Someone recently said I give too much credit to Ni as I was explaining a precognition I had, but I don't think I do. That's just the way it works. I had an epiphany some while ago about the way Se and Ni work together – it's as though I gain information by looking
past my surroundings, and I might literally just stare at something for extended periods of time, spacing out, and then all of a sudden there's a sort of a "blip" in my head and I realize my unconscious had been processing information the whole time which lead to an understanding of something. Which is why I just often suck in new information perhaps without fully understanding it, because I can oftentimes trust that once I have it there, my mind will subconsciously keep processing it until it's time for it to surface again and sort of settle in properly.
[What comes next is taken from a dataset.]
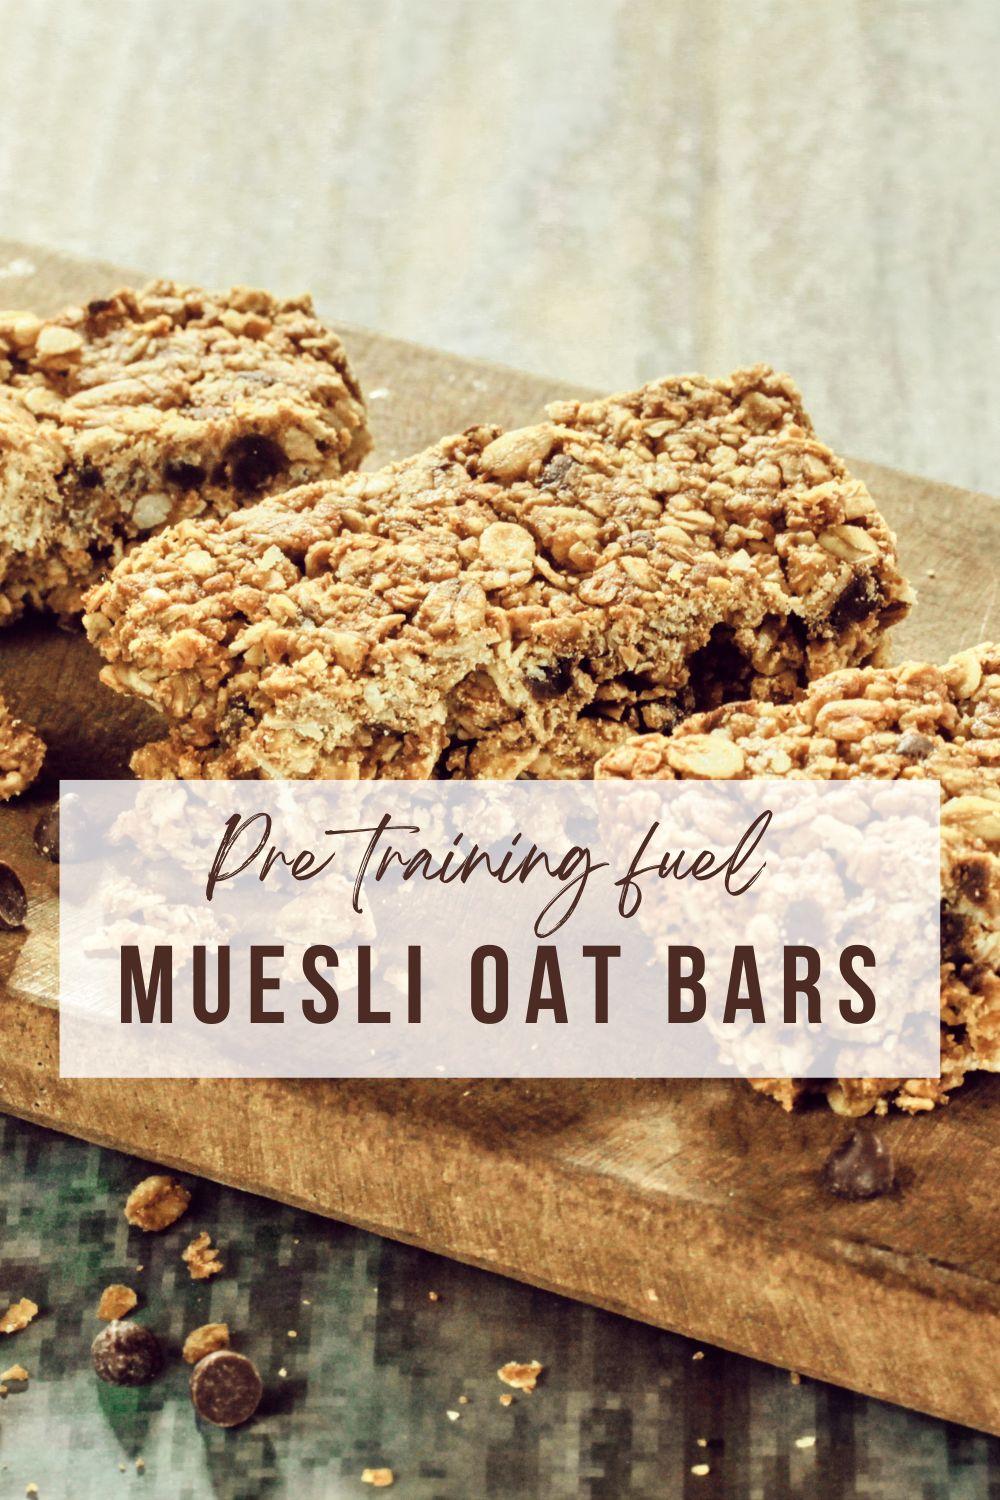 Oat muesli bars: perfect grab and go training fuel

I recall someone once saying that Ni is sort of like Ti, but without the logical steps it needs to arrive to a conclusion. I think a similar comparison has been made with Ne and Ni, but anyway. I arrive to all sorts of conclusions without fully knowing why. Combined with Te PoLR, this has sabotaged all of my math tests in my entire life. I always get minus points for not including the calculation in my answer, just the correct outcome
Socially speaking, being Ni base sort of really sucks. You simply cannot communicate the way your head works to anyone but other Ni bases. Being an IEI, I can mend that a bit with Fe, but I have never wondered for a minute why a lot of ILIs have prolems relating to other people. And it's so strange meeting another Ni base! I recently met a slightly schizophrenic ILI. He was telling me about some models and theories he'd been constructing lately, and as I listened, I realized I hadn't understood a word he said, yet still understood what he
meant, as a whole. Some parts of the conversation were just us two cutting each other off and completing each others' thoughts – and not sentences, but thoughts. As though there was just this air of understanding what we meant.
I've come to hate it when people ask me what I usually think about. Umm? Colours? Abstract patterns? No kidding. That's pretty much all I can see besides some random mental chatter. That and hot imaginary sex. What you gon make of that?
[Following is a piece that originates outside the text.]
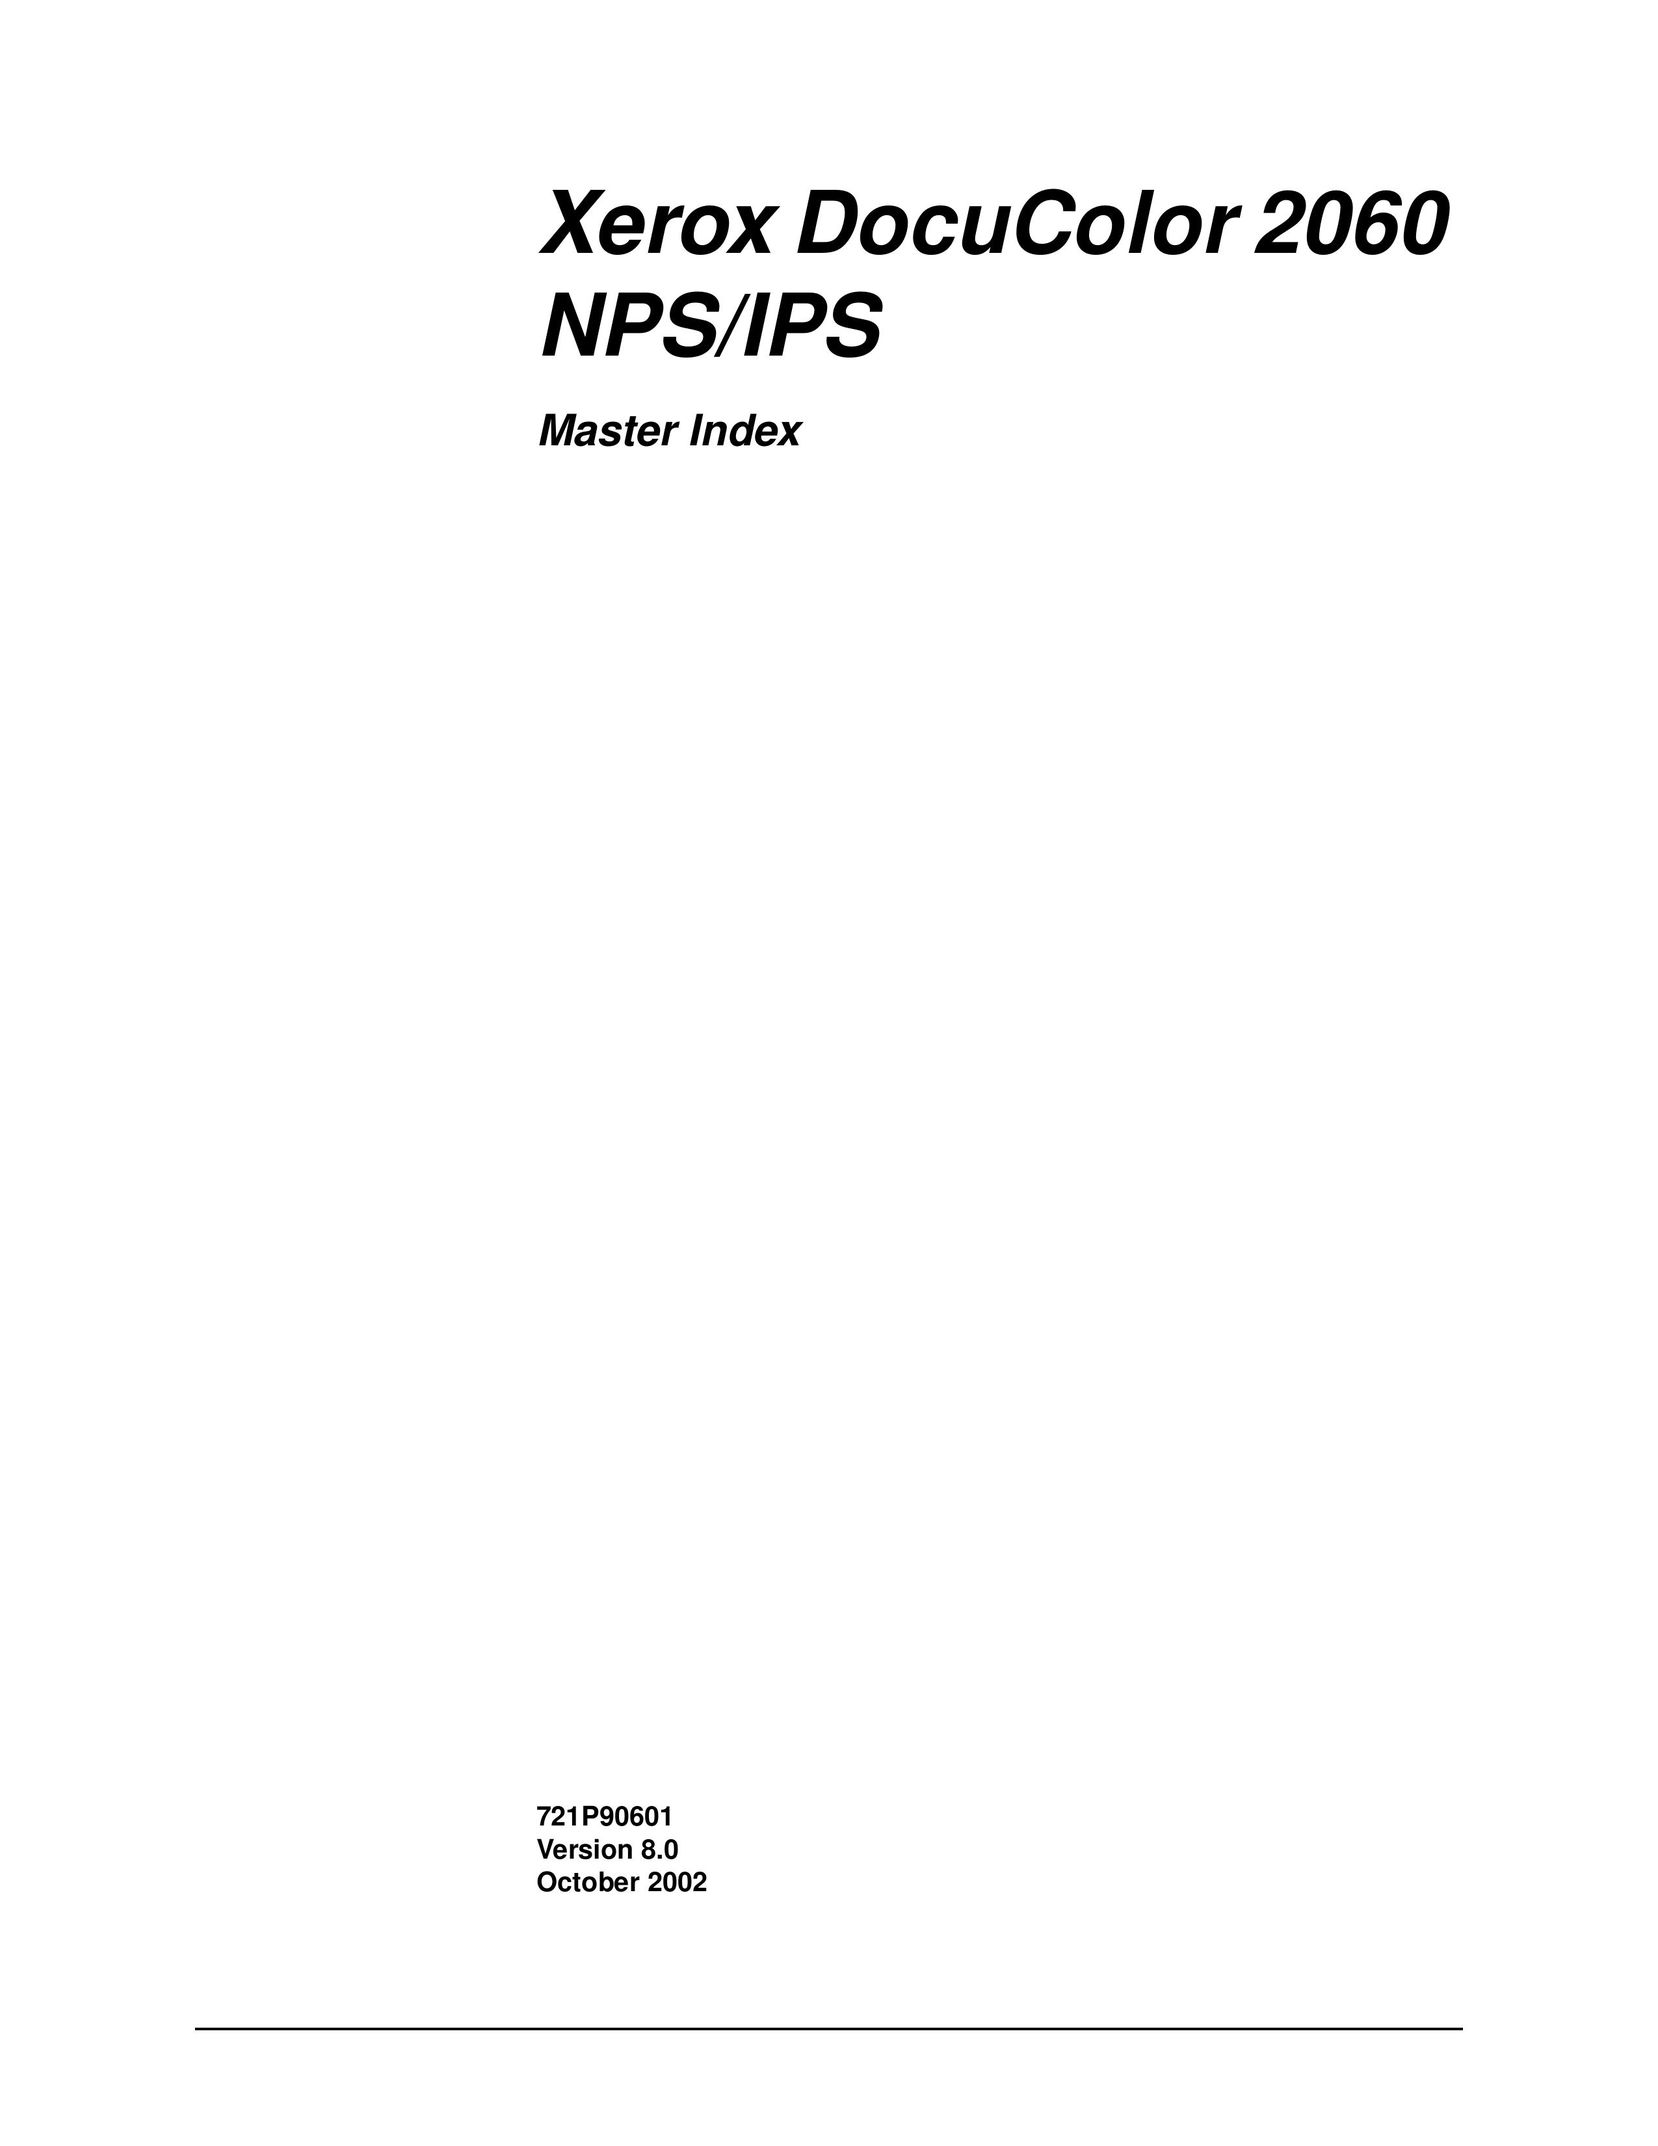 Xerox 2060 IPS Printer User Manual

It's weird, but meditation has helped me understand the way my mind operates a lot better. It helps when you learn to sort of "rest" your awareness, all the while becoming more and more all-encompassing. I'm also glad to have switched my perception from mind-body dualism to monism. I feel less like I'm torn in two, half of me in my body and half of me in my mind, and feel more like I'm on a bridge in between that makes them into one. I don't know if I put that very well but that's the best I can do.
As for Ni being time-based... I think a lot of people sort of misunderstand what that means. An SLE was once sorely disappointed after asking me where I was going with my life... I think he expected me to have this script containing everything that was ever going to happen to me, when in fact I just usually have these vague abstract images of some distant future and I require something more tangible to start from before I can actually concretely see where I'm heading and what leads where. When the time comes, I
will know, but only as it's already approaching and near. I mean, yeah, there
are patterns and cycles too but the farther they are, the more vague they usually seem. It's just like regular seeing. The farther things are, the less detail you see. Ugh.
T.S. Eliot's Four Quartets in four dimensions.
I had a great last paragraph/bottom line in my head but it escaped. I paid a visit to a retirement home last week and found the old age fascinating. Old people make no sense and it makes so much sense. I could seriously almost taste the strings that had pulled them there.